Even if someone were still alive in the Dantean inferno below, amidst all the charcoaled skeletons, burning debris and uncontrollable citywide firestorms, it would take decades to recover spaceflight, if ever. By then, he would be nothing more than a dessicated, mummified cadaver in a darkened, abandoned orbital vehicle, either way. Or, the station would collide with an incoming meteorite and suffer shipwreck. Or, it would eventually drift into a lower orbit and disintegrate itself in uncontrolled re-entry.
No matter. With most of Western Europe, China, Japan, Korea and the United States obliterated, there would be no need for the existence of an international criminal rapid transit and larceny organisation anyway. And he was damned if he'd live out the rest of his days in one of the miserable backwaters that would inherit the Earth, even if he could. Ah well. It had been good while it lasted. He had lacked the imagination and foresight to realise the significance of the international events that would overtake them all and render his plans and strategems futile and pointless.
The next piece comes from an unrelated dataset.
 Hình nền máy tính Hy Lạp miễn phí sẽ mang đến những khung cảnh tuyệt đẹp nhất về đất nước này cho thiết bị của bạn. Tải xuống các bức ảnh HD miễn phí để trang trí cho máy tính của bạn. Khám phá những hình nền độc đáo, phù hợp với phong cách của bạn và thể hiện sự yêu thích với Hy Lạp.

So here he was, in a dead man's orbit, not even protected from the throes of the nuclear holocaust far below him. And even if Battleaxe Three hadn't been so badly damaged, where could he escape to?
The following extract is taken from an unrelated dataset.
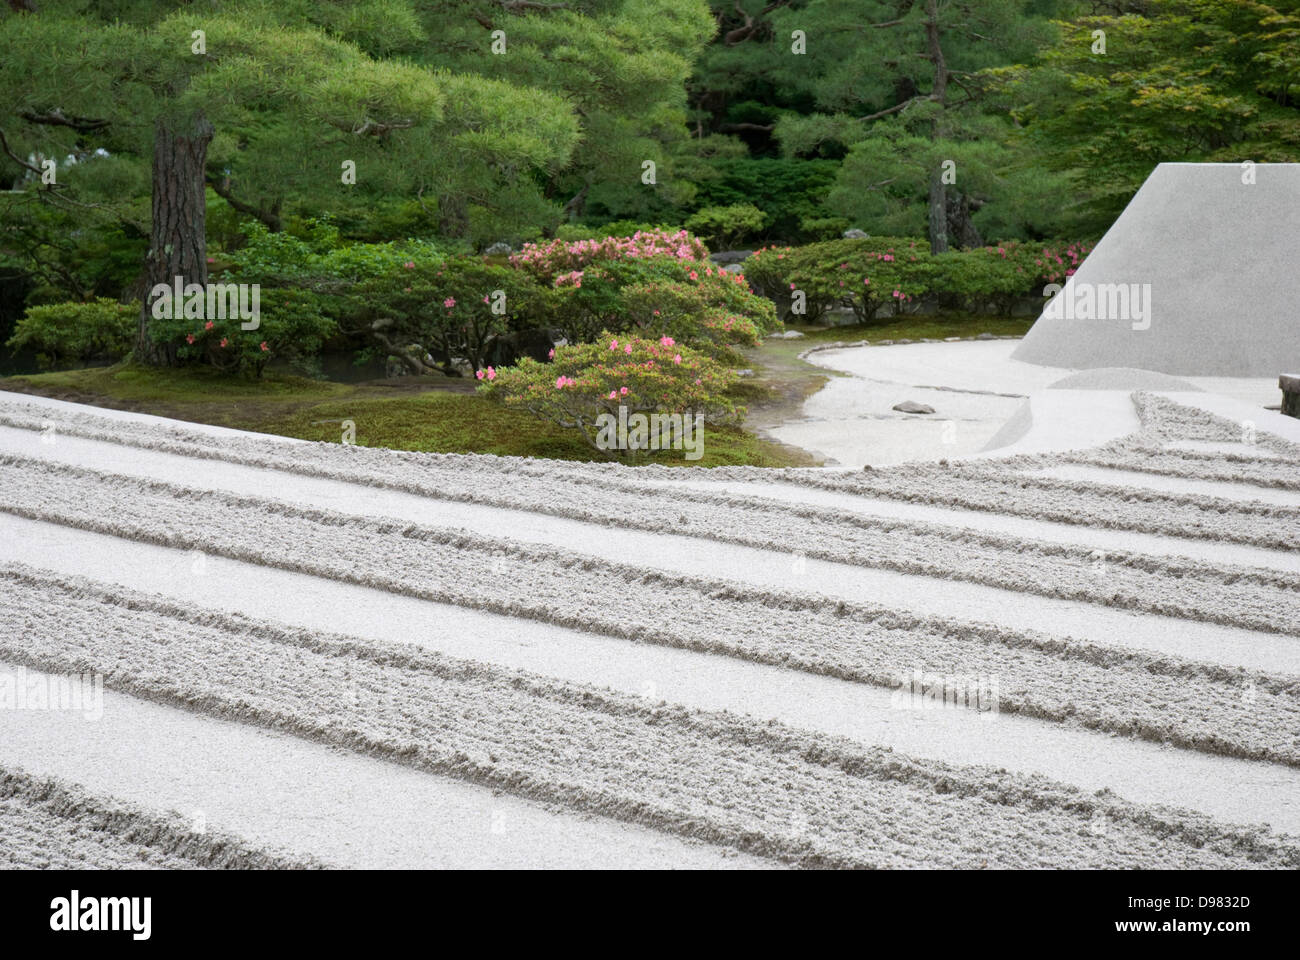 Jardin zen de sable Ginshadan sculpture au pavillon de l'argent Ginkakuji Temple Kyoto au Japon Banque D'Images

He had started to hallucinate the presence of the Justice Guild in the cabin with him as he watched the air supply indicator drop a further tab. Enough. Thwarting another paroxysm of the dry retches, he broke the blister pack and with difficulty and a bottle of water, finally managed to swallow the required dosage. Around Len Lothaire, sound and vision began to diminish and fade into echoing darkness, unconsciousness and unintelligibility. His thoughts slowed and ceased. An instant later, he took his last breath and shortly afterward, his erratic heart stopped beating. Leonard Lothaire was dead,
Two days later, the cabin lights guttered out and the silent orbital mausoleum hung lifeless in space. Its further fate is unknown.